= William Keatinge Clay =

English cleric and antiquary

William Keatinge Clay (1797–1867) was an English cleric and antiquary.

==Biography==
Clay was born in 1797, and, having been ordained deacon in 1823 by John Fisher, Bishop of Salisbury, became curate of Greenwich. He was ordained priest in the following year by William Howley, Bishop of London. He was curate of Paddington in 1830, and of Blunham, Bedfordshire, in 1834. In 1835 he took the degree of B.D. at Jesus College, Cambridge, as a 'ten-year man'; he became minor canon of Ely Cathedral in 1837, and was subsequently appointed 'prælector theologicus' and librarian of the cathedral.

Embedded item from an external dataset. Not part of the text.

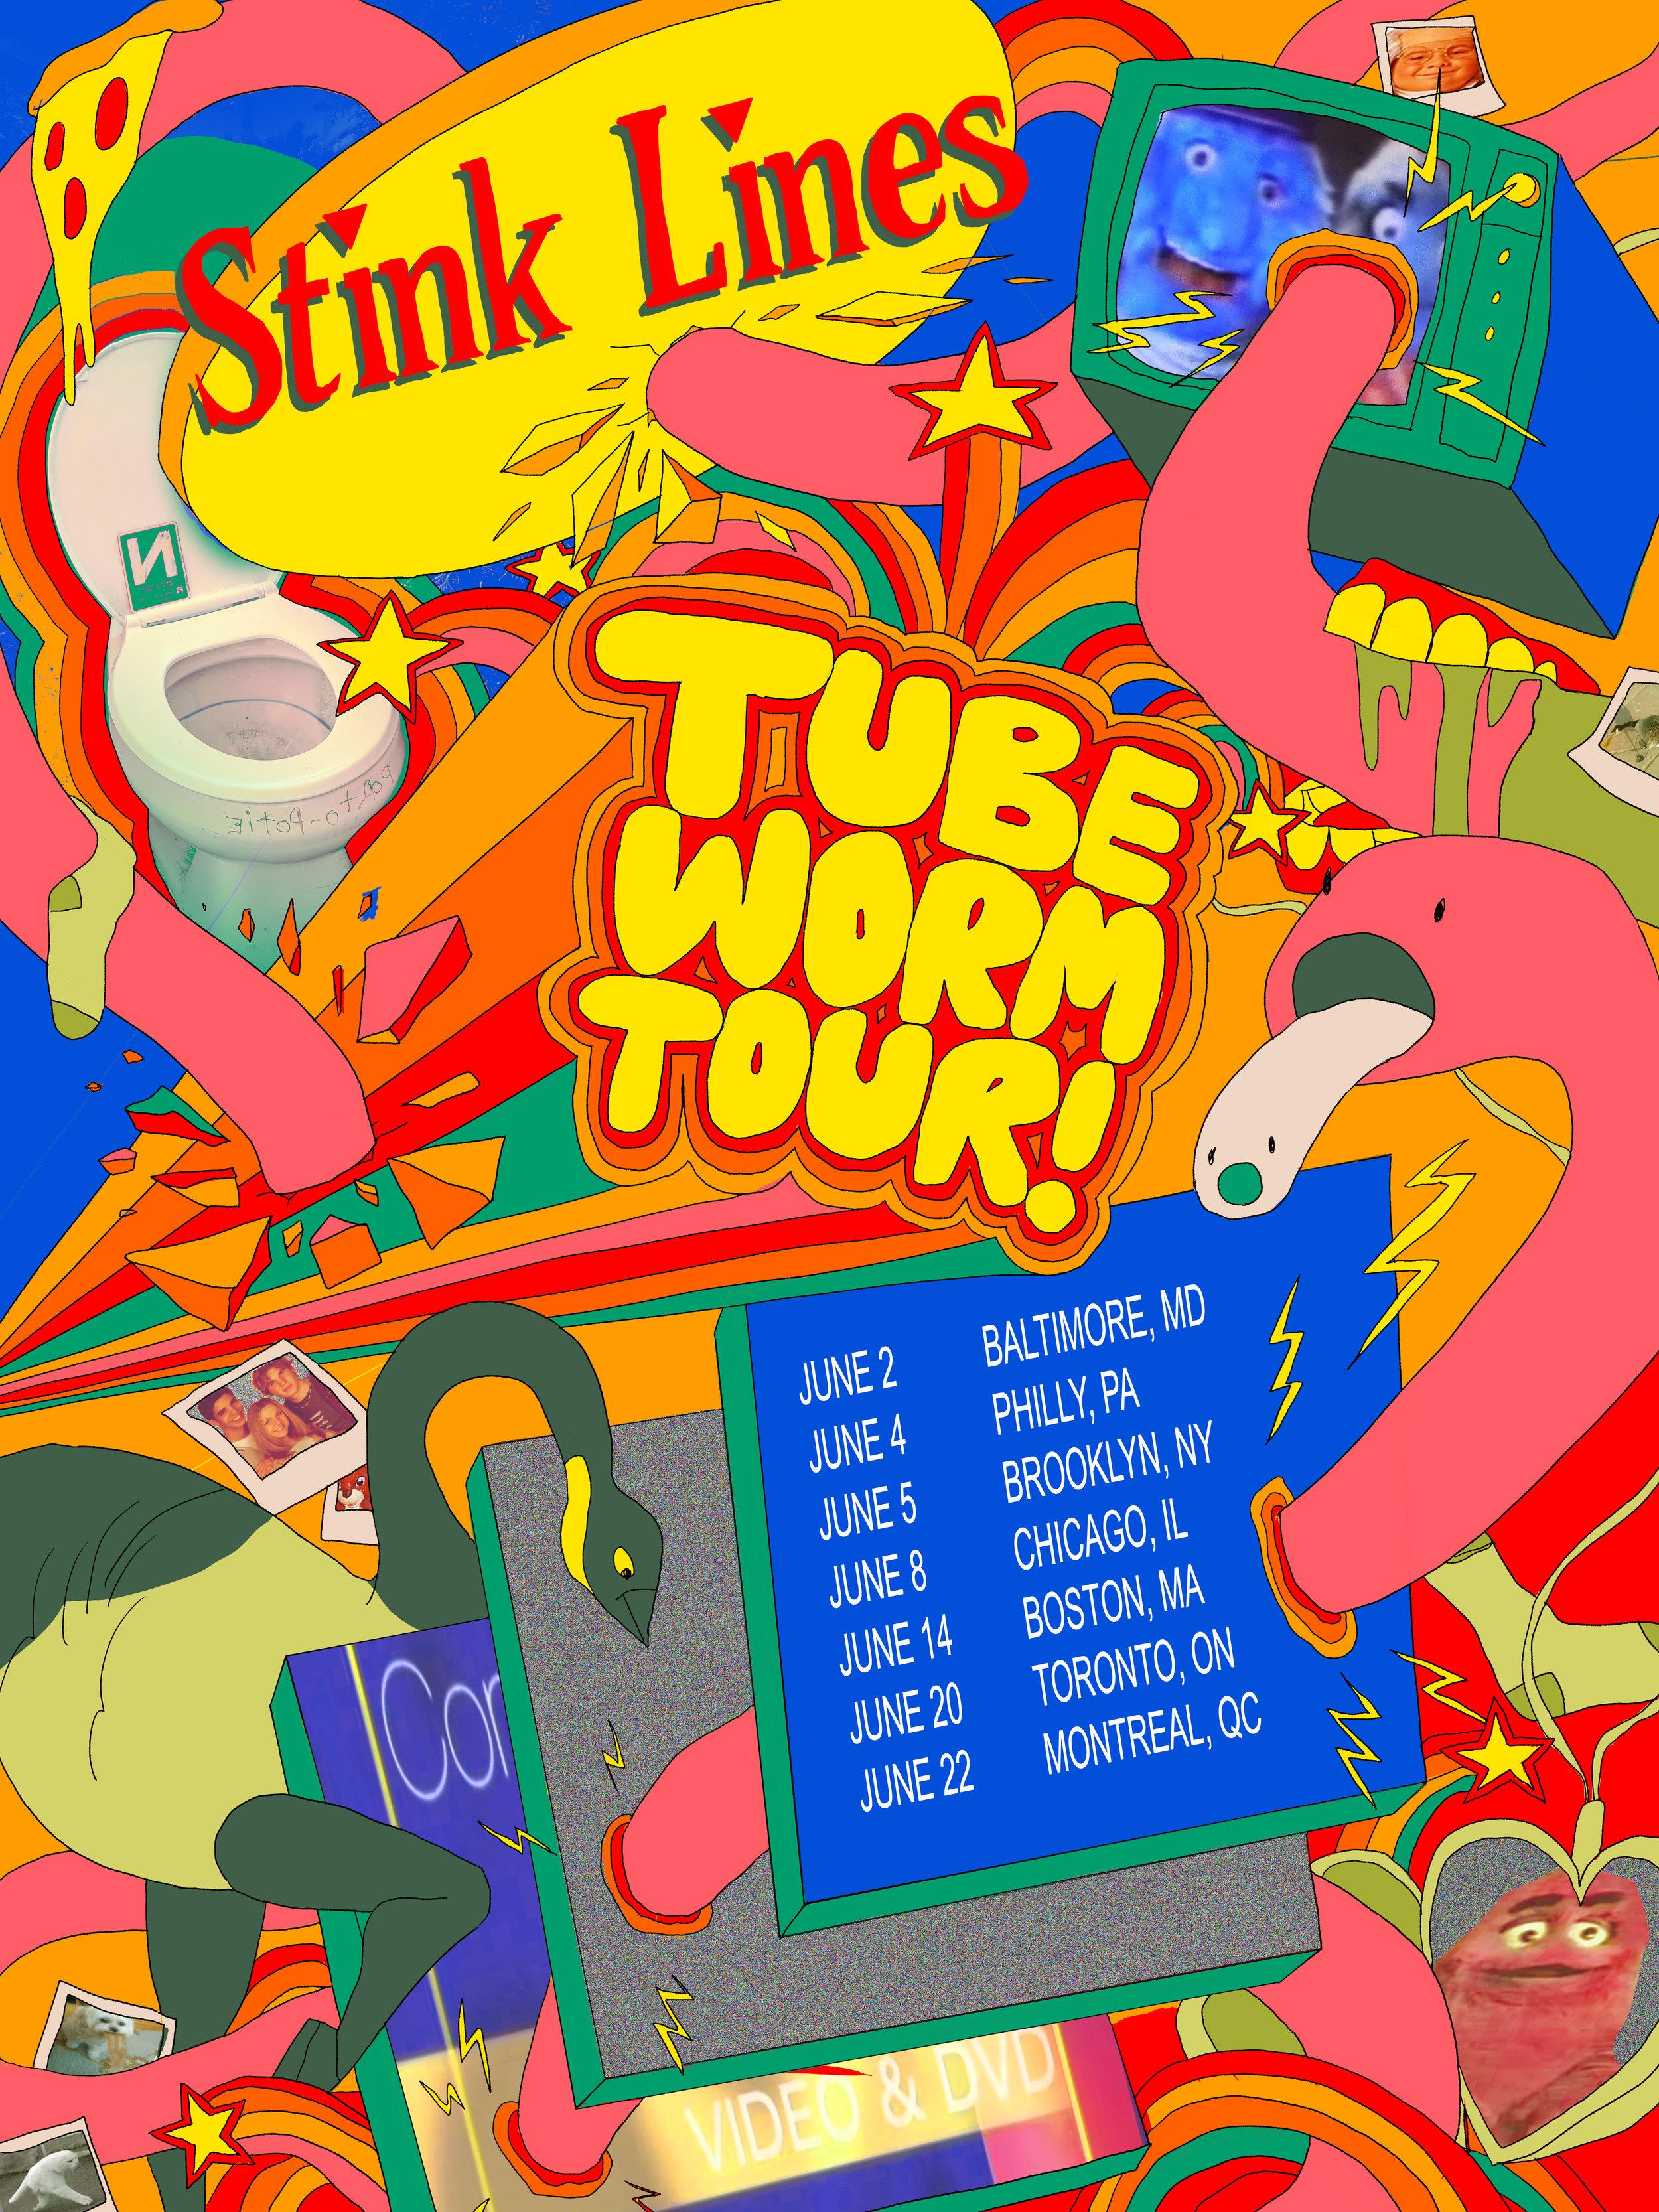 tubewormtour.jpg

In 1842 he was instituted to the perpetual curacy of Holy Trinity, Ely, and was collated in 1854 by Thomas Turton, bishop of Ely, to the vicarage of Waterbeach, Cambridgeshire, where he died on 26 April 1867.

==Works==
Clay published several parochial histories, as well as commentaries and editions of Anglican liturgical texts. He also helped in the edition of the Book of Common Prayer issued by the Ecclesiastical History Society in 1849–54, and in the edition of Charles Wheatly's Rational Illustration of the Book of Common Prayer, reprinted in 1858 by the syndics of the Cambridge University Press.

Clay works are:
- Explanatory Notes on the Prayer Book Version of the Psalms, London, 1839, 8vo.
- The Book of Common Prayer illustrated; so as to show its various modifications, the date of its several parts, and the authority on which they rest, London, 1841, 8vo.
- (ed.) Liturgies and Occasional Forms of Prayer set forth in the Reign of Queen Elizabeth, 1847. Edited for the Parker Society.
- An Historical sketch of the Prayer Book, London, 1849, 8vo.
- (ed.) Private Prayers put forth by authority during the Reign of Queen Elizabeth. With an appendix containing the Litany of 1544, Cambridge, 1851. Edited for the Parker Society
- History of the parish of Waterbeach (1859), History of the parish of Landbeach (1861), and History of the parish of Horningsey (1865) in Cambridgeshire. These three parochial histories, printed separately by the Cambridge Antiquarian Society, were collected into one volume with a common title-page, Cambridge, 1865, 8vo.
- A History of the Parish of Milton in the county of Cambridge, edited by the Rev. W. G. Searle for the Cambridge Antiquarian Society, 1869.